Join Selection Priorities¶
Join Selection Requirements¶
The following sections are in the order of preference.
Danger
These sections have to be reviewed for correctness.
JoinSelection considers join physical operators per whether join keys are used or not:
- If used,
JoinSelectionconsiders BroadcastHashJoinExec, ShuffledHashJoinExec or SortMergeJoinExec operators - Otherwise,
JoinSelectionconsiders BroadcastNestedLoopJoinExec or CartesianProductExec
BroadcastHashJoinExec¶
JoinSelection plans a BroadcastHashJoinExec when there are join keys and one of the following holds:
-
Join type is CROSS, INNER, LEFT ANTI, LEFT OUTER, LEFT SEMI or ExistenceJoin
-
Join type is CROSS, INNER or RIGHT OUTER
BroadcastHashJoinExec is created for ExtractEquiJoinKeys-destructurable logical query plans (INNER, CROSS, LEFT OUTER, LEFT SEMI, LEFT ANTI) of which the right physical operator can be broadcast.
ShuffledHashJoinExec¶
JoinSelection plans a ShuffledHashJoinExec when there are join keys and one of the following holds:
-
spark.sql.join.preferSortMergeJoin is disabled, the join type is CROSS, INNER, LEFT ANTI, LEFT OUTER, LEFT SEMI or ExistenceJoin
-
spark.sql.join.preferSortMergeJoin is disabled, the join type is CROSS, INNER or RIGHT OUTER
-
Left join keys are not orderable
SortMergeJoinExec¶
JoinSelection plans a SortMergeJoinExec when the left join keys are orderable.
BroadcastNestedLoopJoinExec¶
JoinSelection plans a BroadcastNestedLoopJoinExec when there are no join keys and one of the following holds:
-
Join type is CROSS, INNER, LEFT ANTI, LEFT OUTER, LEFT SEMI or ExistenceJoin
-
Join type is CROSS, INNER or RIGHT OUTER
CartesianProductExec¶
JoinSelection plans a CartesianProductExec when there are no join keys and join type is CROSS or INNER
BroadcastNestedLoopJoinExec¶
JoinSelection plans a BroadcastNestedLoopJoinExec when no other join operator has matched already
Executing Rule¶
apply(
plan: LogicalPlan): Seq[SparkPlan]
apply is part of the GenericStrategy abstraction.
apply is made up of three parts (each with its own Scala extractor object to destructure the input LogicalPlan):
ExtractEquiJoinKeys¶
apply uses ExtractEquiJoinKeys to match on Join logical operators with EqualTo and EqualNullSafe condition predicate expressions.
apply does the following (in the order until a join physical operator has been determined):
- createBroadcastHashJoin (based on the hints only)
- With a hintToSortMergeJoin defined, createSortMergeJoin
- createShuffleHashJoin (based on the hints only)
- With a hintToShuffleReplicateNL defined, createCartesianProduct
- createJoinWithoutHint
ExtractSingleColumnNullAwareAntiJoin¶
apply uses ExtractSingleColumnNullAwareAntiJoin to match on Join logical operators.
For every Join operator, apply creates a BroadcastHashJoinExec physical operator with the following:
- LeftAnti join type
BuildRightbuild side- Undefined join condition expressions
- isNullAwareAntiJoin flag enabled (
true)
Other Joins¶
apply determines the desired build side.
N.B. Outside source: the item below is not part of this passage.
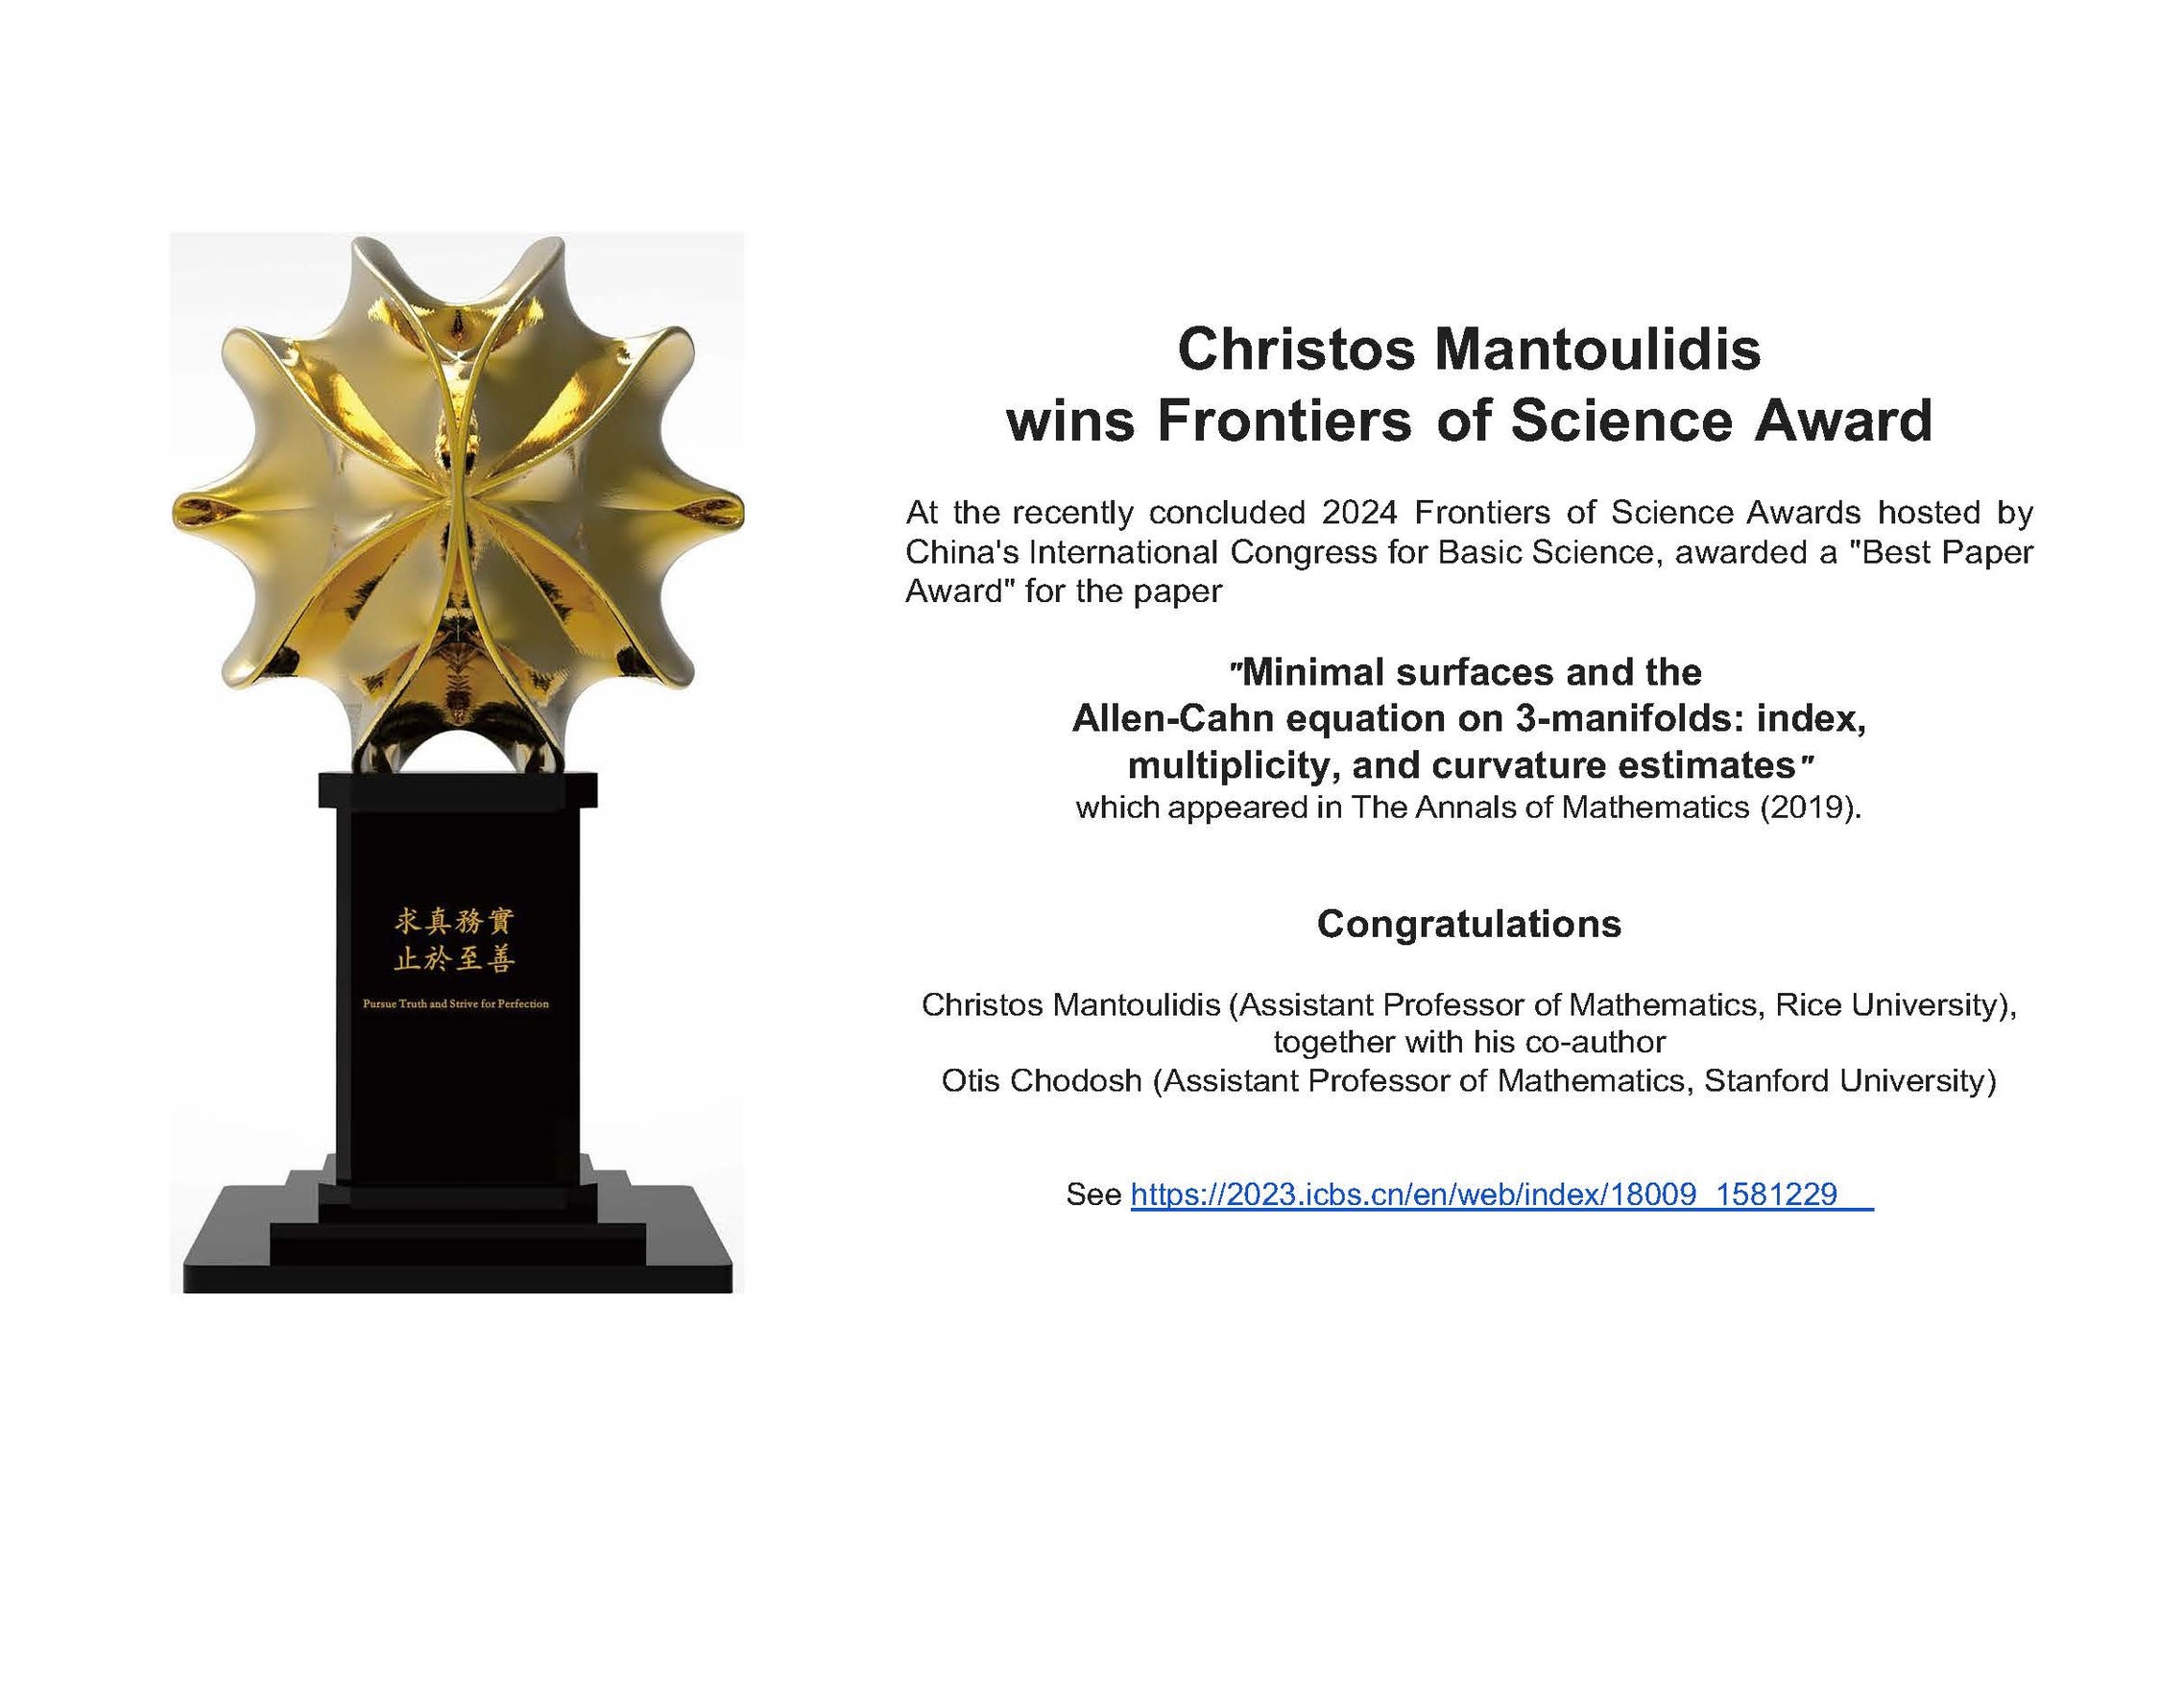 Christo's prize

For InnerLike and FullOuter join types, apply getSmallerSide. For all other join types, apply canBuildBroadcastLeft and prefers BuildLeft over BuildRight.
In the end, apply does the following (in the order until a join physical operator has been determined):
- createBroadcastNLJoin (based on the hints only for the left and right side)
- With a hintToShuffleReplicateNL defined, createCartesianProduct
- createJoinWithoutHint
canBroadcastBySize¶
canBroadcastBySize(
plan: LogicalPlan,
conf: SQLConf): Boolean
canBroadcastBySize is enabled (true) when the size of the table (the given LogicalPlan) is small for a broadcast join (between 0 and the spark.sql.autoBroadcastJoinThreshold configuration property inclusive).
canBuildBroadcastLeft¶
canBuildBroadcastLeft(
joinType: JoinType): Boolean
canBuildBroadcastLeft is enabled (true) for InnerLike and RightOuter join types.
canBuildLocalHashMapBySize¶
canBuildLocalHashMapBySize(
plan: LogicalPlan,
conf: SQLConf): Boolean
canBuildLocalHashMapBySize is enabled (true) when the size of the table (the given LogicalPlan) is small for a shuffle hash join (below the spark.sql.autoBroadcastJoinThreshold configuration property multiplied by the configured number of shuffle partitions).
Creating BroadcastHashJoinExec¶
createBroadcastHashJoin(
onlyLookingAtHint: Boolean): Option[Seq[BroadcastHashJoinExec]]
createBroadcastHashJoin determines a BroadcastBuildSide and, if successful, creates a BroadcastHashJoinExec.
Creating BroadcastNestedLoopJoinExec¶
createBroadcastNLJoin(
buildLeft: Boolean,
buildRight: Boolean): Option[Seq[BroadcastNestedLoopJoinExec]]
createBroadcastNLJoin creates a BroadcastNestedLoopJoinExec when at least one of the buildLeft or buildRight flags are enabled.
Creating ShuffledHashJoinExec¶
createShuffleHashJoin(
onlyLookingAtHint: Boolean): Option[Seq[ShuffledHashJoinExec]]
createShuffleHashJoin tries to determine the BuildSide for a ShuffleHashJoinExec and, if successful, creates a ShuffledHashJoinExec.
createShuffleHashJoin is used when:
JoinSelectionis requested to createJoinWithoutHint (withonlyLookingAtHintdisabled) and execute (withonlyLookingAtHintenabled)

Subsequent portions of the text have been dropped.